Patience, or Bunthorne’s Bride | Durham Savoyards  |  YouTube limited online series weekly, through May 7  |  

In the opening moments of a new YouTube miniseries, a group of kohl-eyed, mooning fangirls pop, one by one, into the panels of an online video conference.

After genuflecting to bedroom posters of their idol—a poet whose brooding visage evokes a glam-era Rasputin—they burst, simultaneously, into an  unlikely song: “Twenty Love-Sick Maidens We,” a tune from the dawn of the 1880s.

The number opens W.S. Gilbert and Arthur Sullivan’s comic opera Patience, and the anachronous social media sequence kicks off director Melissa S. Craib Dombrowski’s online modern-day adaptation of the Victorian-era satire for the Durham Savoyards, the region’s long-standing light opera company that was founded in 1963.

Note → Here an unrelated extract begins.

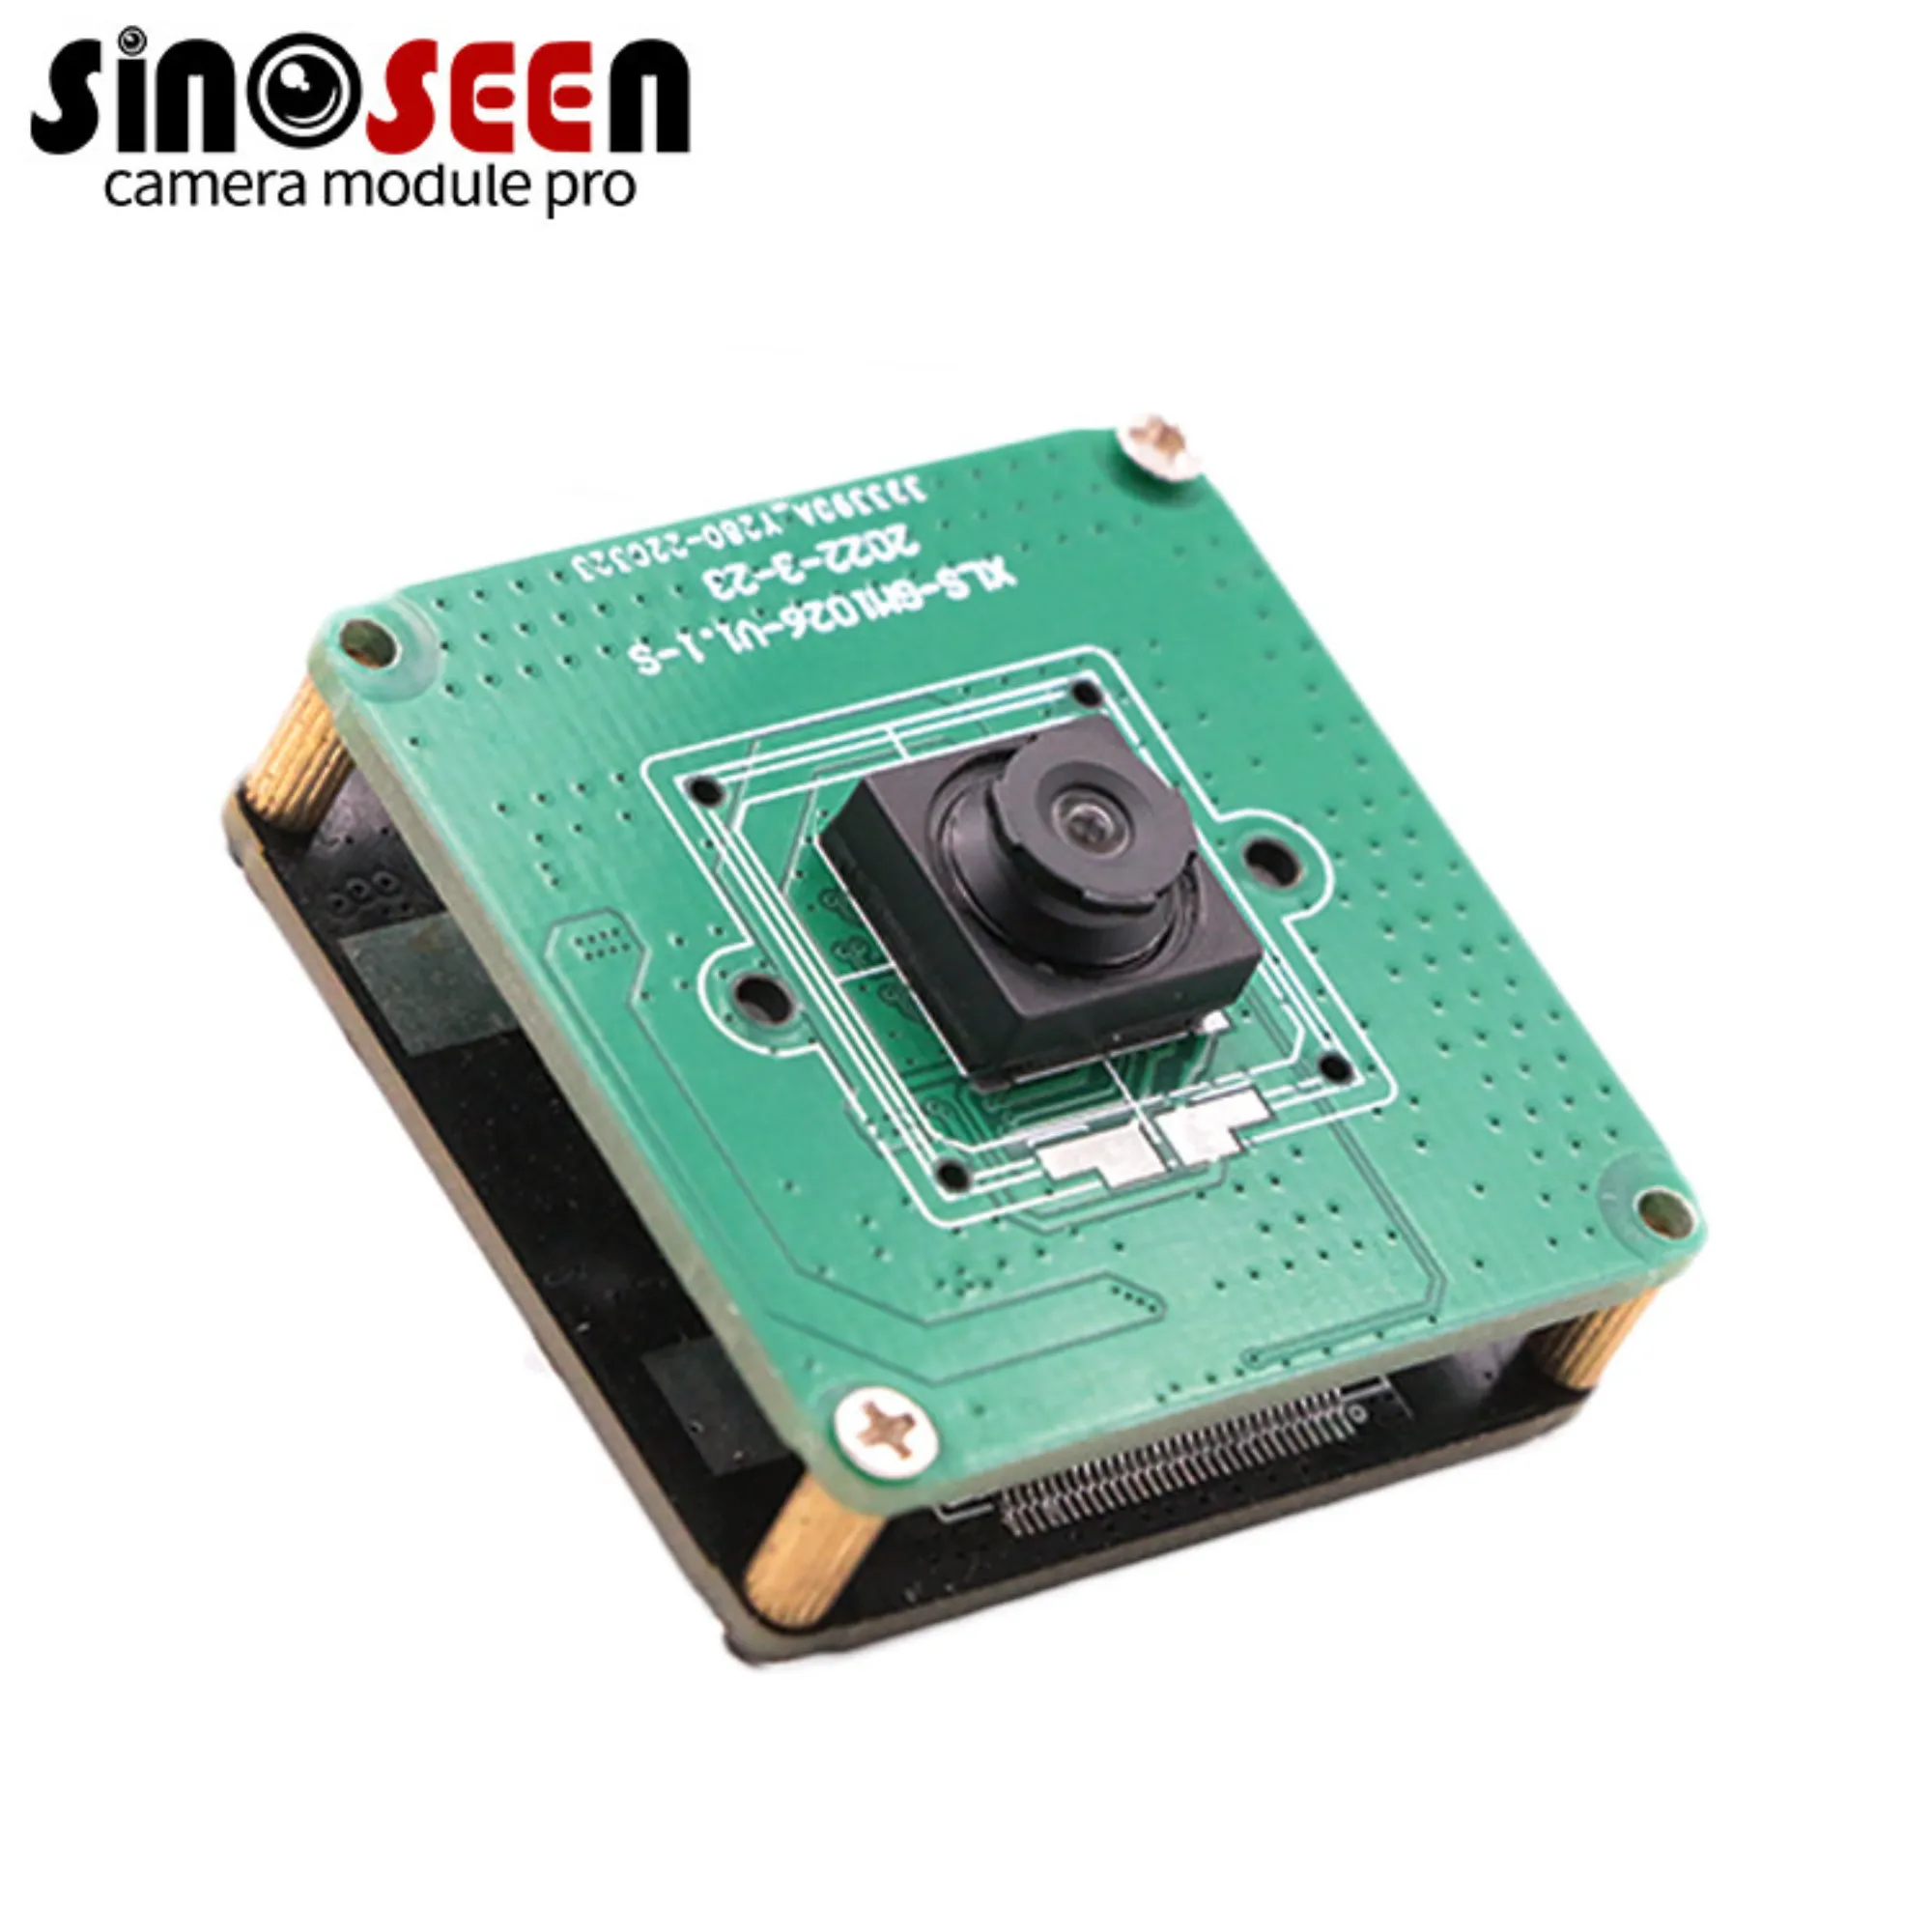 20MP OEM Large Area IMX230 USB Camera Module For High Speed Scanners

The creative team, which includes music director Joanna Sisk-Purvis and video editor John Paul Middlesworth, has split the evening-length work into seven weekly episodes, four of which have rolled out since the March 26 season opener.

The remaining three will debut each Friday through the finale on May 7. Previous segments remain viewable on the company’s YouTube channel.

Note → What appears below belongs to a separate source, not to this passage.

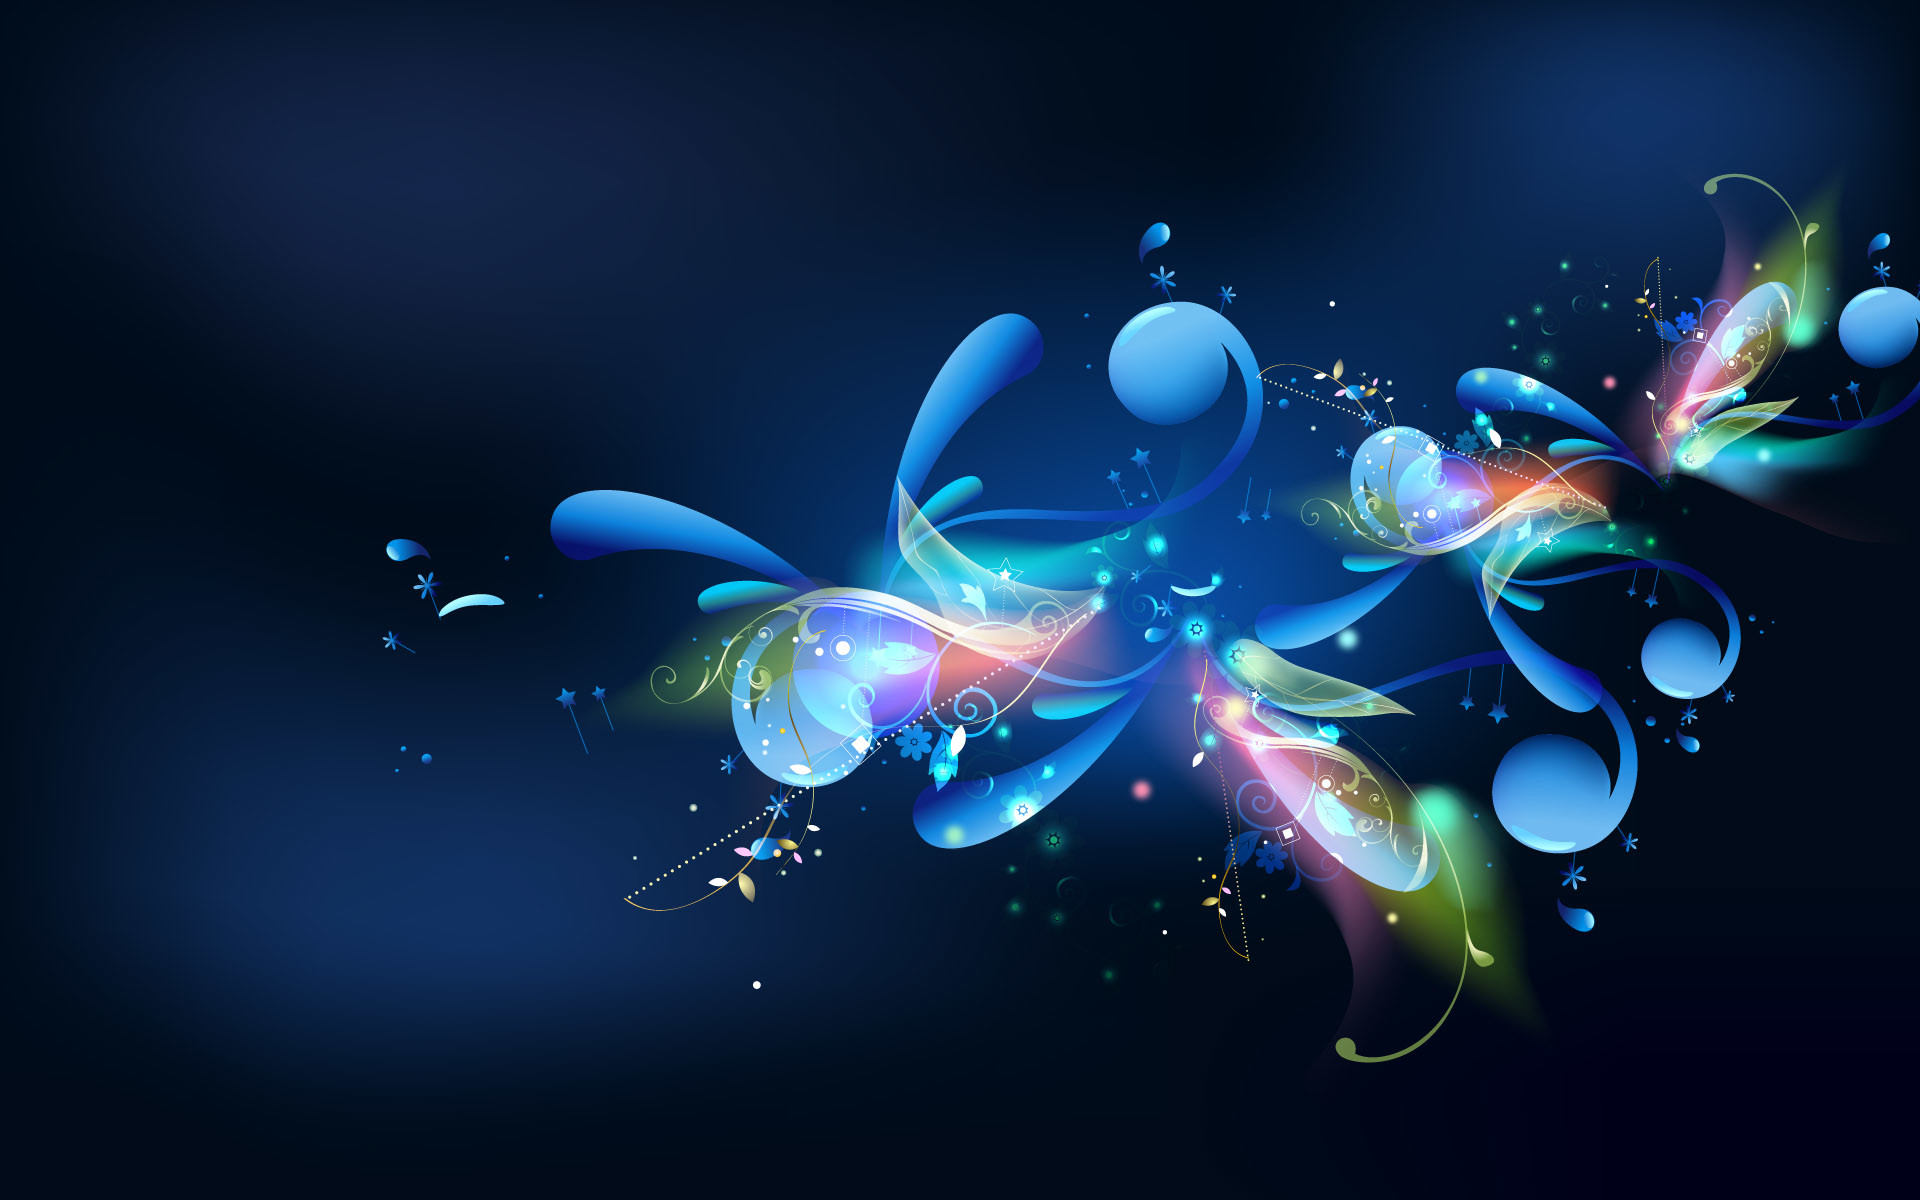 Abstract Backgrounds 5D8 Wallpaper

But why reframe a 140-year-old satire on pretentious artistic fads into an online beef between passionate devotees and detractors of an overly precious, simpering huckster of a poet?

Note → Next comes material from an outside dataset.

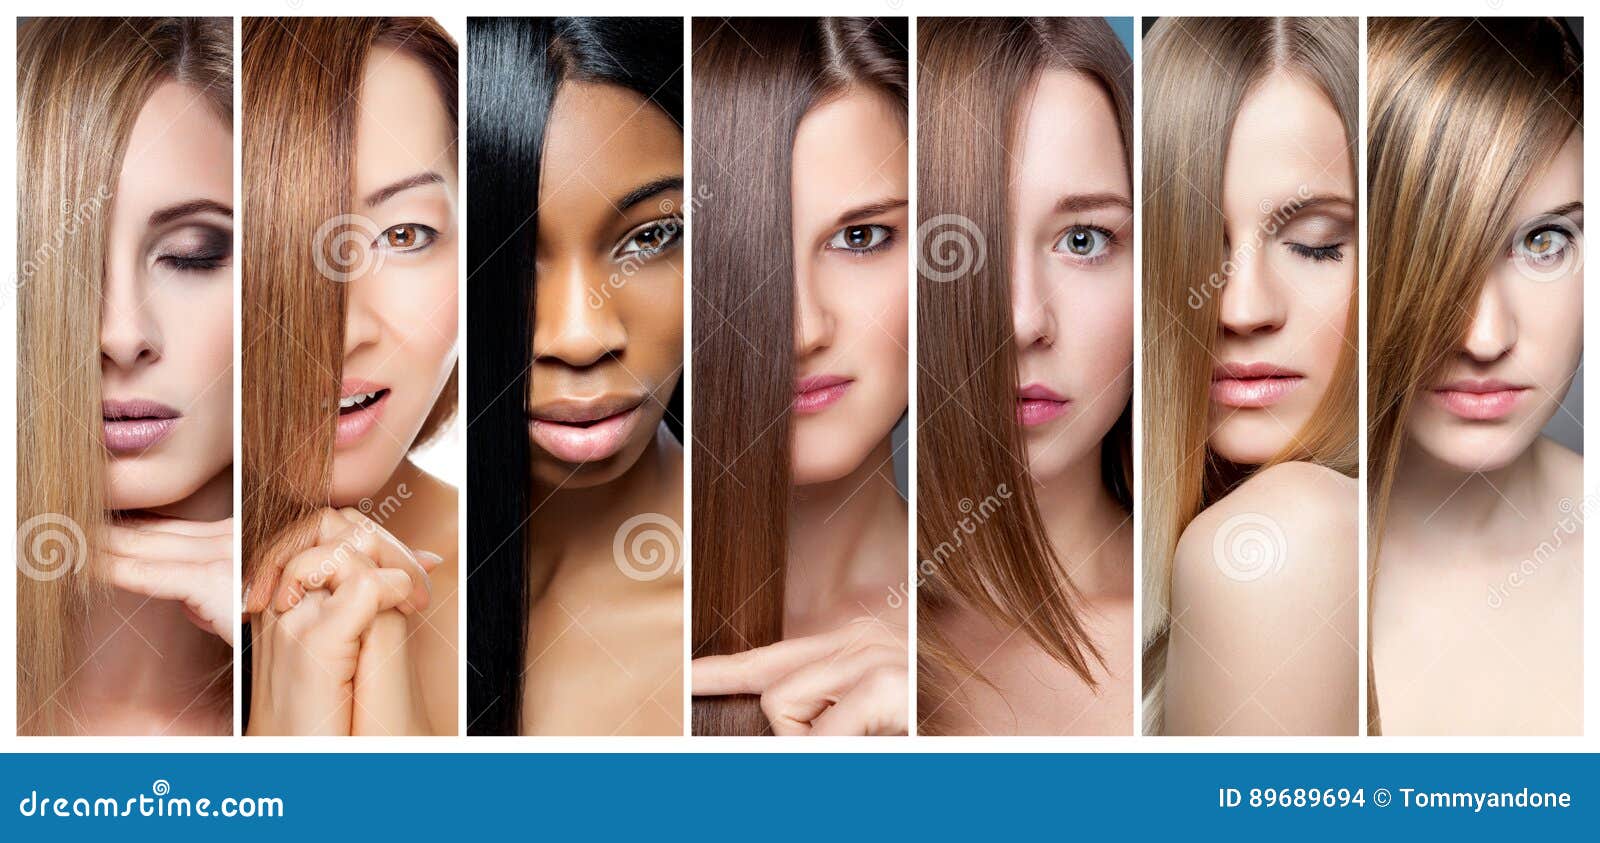 collage of women with various hair color, skin tone and complexion

Gilbert and Sullivan made great fun of their culture’s foibles, Dombrowski says, “and those have not changed so much since then.”

Patience, she notes, ultimately looks at “the frivolousness of artistic fashions and how we still tie ourselves up in knots about them. The message is still relevant and very funny.”

But Dombrowski quickly offers another reason for the 21st-century facelift: It isn’t as if the Savoyards had that much choice.

Their first attempt at the present production fell apart in March of last year when Durham’s Carolina Theatre went dark due to COVID-19 less than two weeks before opening night.

“The actors and the people who were building sets, they basically had it all nailed down,” Dombrowski says. “Then they had to dismantle it, which was heartbreaking.”

A rescheduled run last August fell through due to the pandemic. About to pass the two-year mark since their last show—a spring 2019 run of The Mikado—the Savoyards realized they needed a contingency plan that didn’t rely on reopened theaters.

“Since the only venue available to us was the Internet,” Dombrowski recalls, “we chose to lean into that and make a sense of place there.”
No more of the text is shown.